Clover [59] was used to determine if defined TFBSs were statistically over-represented in the stem cell lists. We searched for PWMs for KLF-A, KLF4 [54], octamer, extended octamer, nanog, and Oct-Sox binary sites as well as negative control sites (gata-1 and E-box) in sequences 2 kb upstream of the TSSs of stem cell genes (Table 1), versus 2 kb of sequences upstream of the entire murine transcriptome (See Additional file 7 for details of PWMs). There was significant over-representation of KLF-A TFBS within the first 2 kb of promoter sequences from the stem list gene list (p value of < 0.01) (Figure 7A), as well as over-representation of octamer sites and extended Oct4-binding sites as defined from ChIP-PET data [60]. No statistically significant over-representation of KLF4 [54], NANOG, GATA1 or E-box TFBSs were identified. All genes in the rapidly down regulated gene list have at least one KLF-A type CACC site, or octamer or Oct4 [60] TFBS. A full list of the promoters with highlighted sites is available on request. Together, this data strongly suggests direct transcriptional regulation of many stem cell genes by KLFs.

Figure 7
figure 7

KLF and octamer binding sites are highly enriched in stem cell gene promoters. (A) A Clover analysis was used to identify over-represented transcription factor binding sites within the promoter sequences of all stem cell genes identified in Table 1. Representative gene promoters are shown, indicating KLF-A binding sites (pink), octamer sites (ATGCWAAT) (green) and extended Oct4 binding sites (Oct4-Loh)(cyan) [60]. (B) Clover output for 2 kb of promoter sequence of murine Zfp42/Rex1. The positions and sequences corresponding to PWMs for KLF-A, octamer and Oct4 occupancy sites are indicated in the table and colour coded in the sequence. The positions are relative to the transcriptional start site. (C) ECR Browser output of conserved sequence identity between mouse and rat in the promoter and part of the first intron of the Zfp42 gene. The blue arrows indicate the direction of transcription. Yellow indicates the extent of the first (non-coding) exon, pink indicates regions of sequence conservation in the first intron and red indicates regions of sequence conservation in the 5' upstream region. rVISTA was used to find all of the KLF-A and octamer sites in the murine gene (Murine only) and conserved sites between mouse and rat (Conserved mouse, rat).
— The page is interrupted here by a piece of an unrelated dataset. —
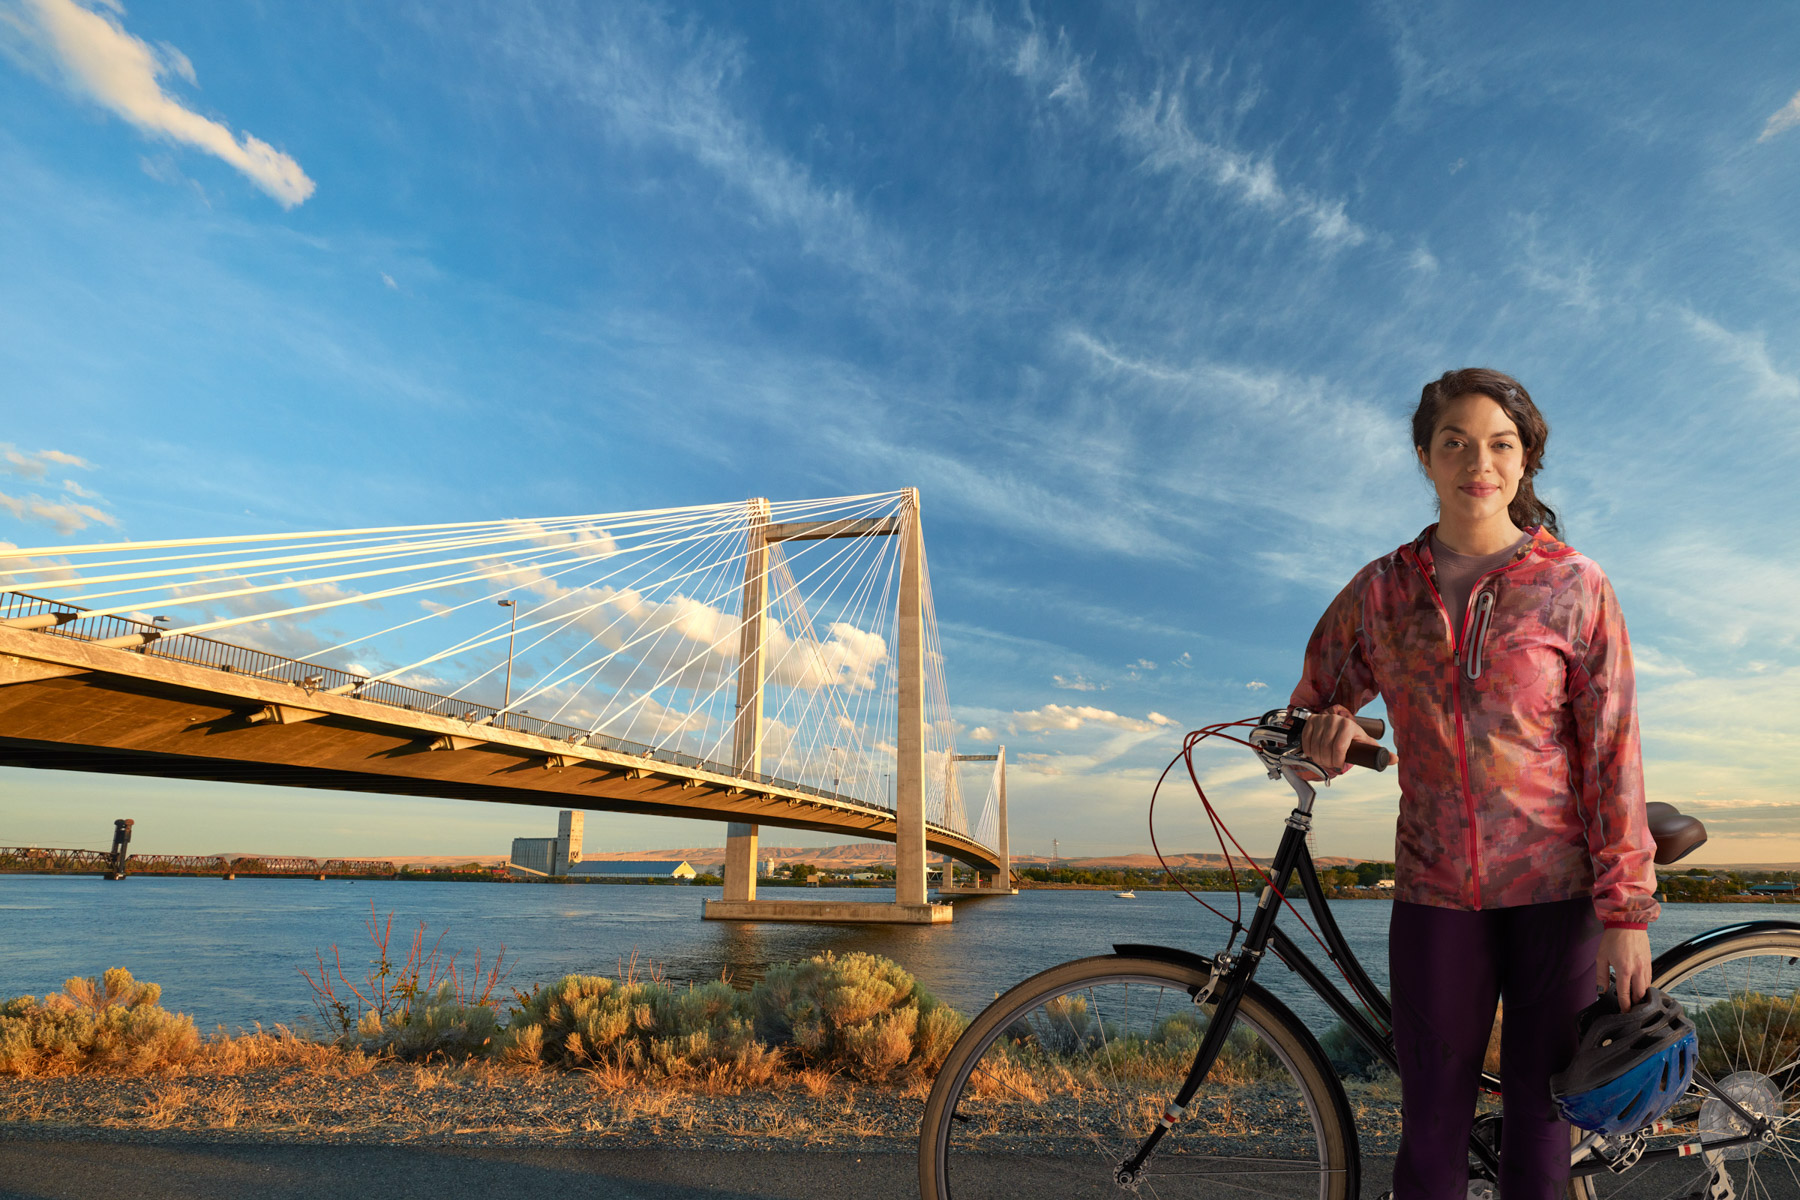 Female cyclist with bike poses in front of cable bridge in Kennewick, Washington

The Zfp42/Rex1 gene promoter is presented as an example of output from the Clover program (Figure 7B). It contains five KLF-A, one octamer and three OCT4 TFBS. The two CACC box elements within the first 250 base pairs of the TSS represent classical extended KLF-binding sites [42, 61]. These regions are the same as previously reported [62] although their functional importance has not been determined. Interestingly, two of the three KLF-A TFBS were evolutionarily conserved between the mouse and rat gene promoters (Figure 7C). Also, two further conserved CACC sites at -1.4 and -1.5 kb were identified within 500 bp of extended evolutionary conservation (>70% identity) (Figure 7C). This might act as a KLF dependent enhancer. Most of the stem cell genes in list 1 have conserved CACC box elements in their promoters [6366]. In some cases these have been reported to bind the ubiquitous SP1, but our Clover analysis suggests they are also likely to bind KLFs (see Discussion).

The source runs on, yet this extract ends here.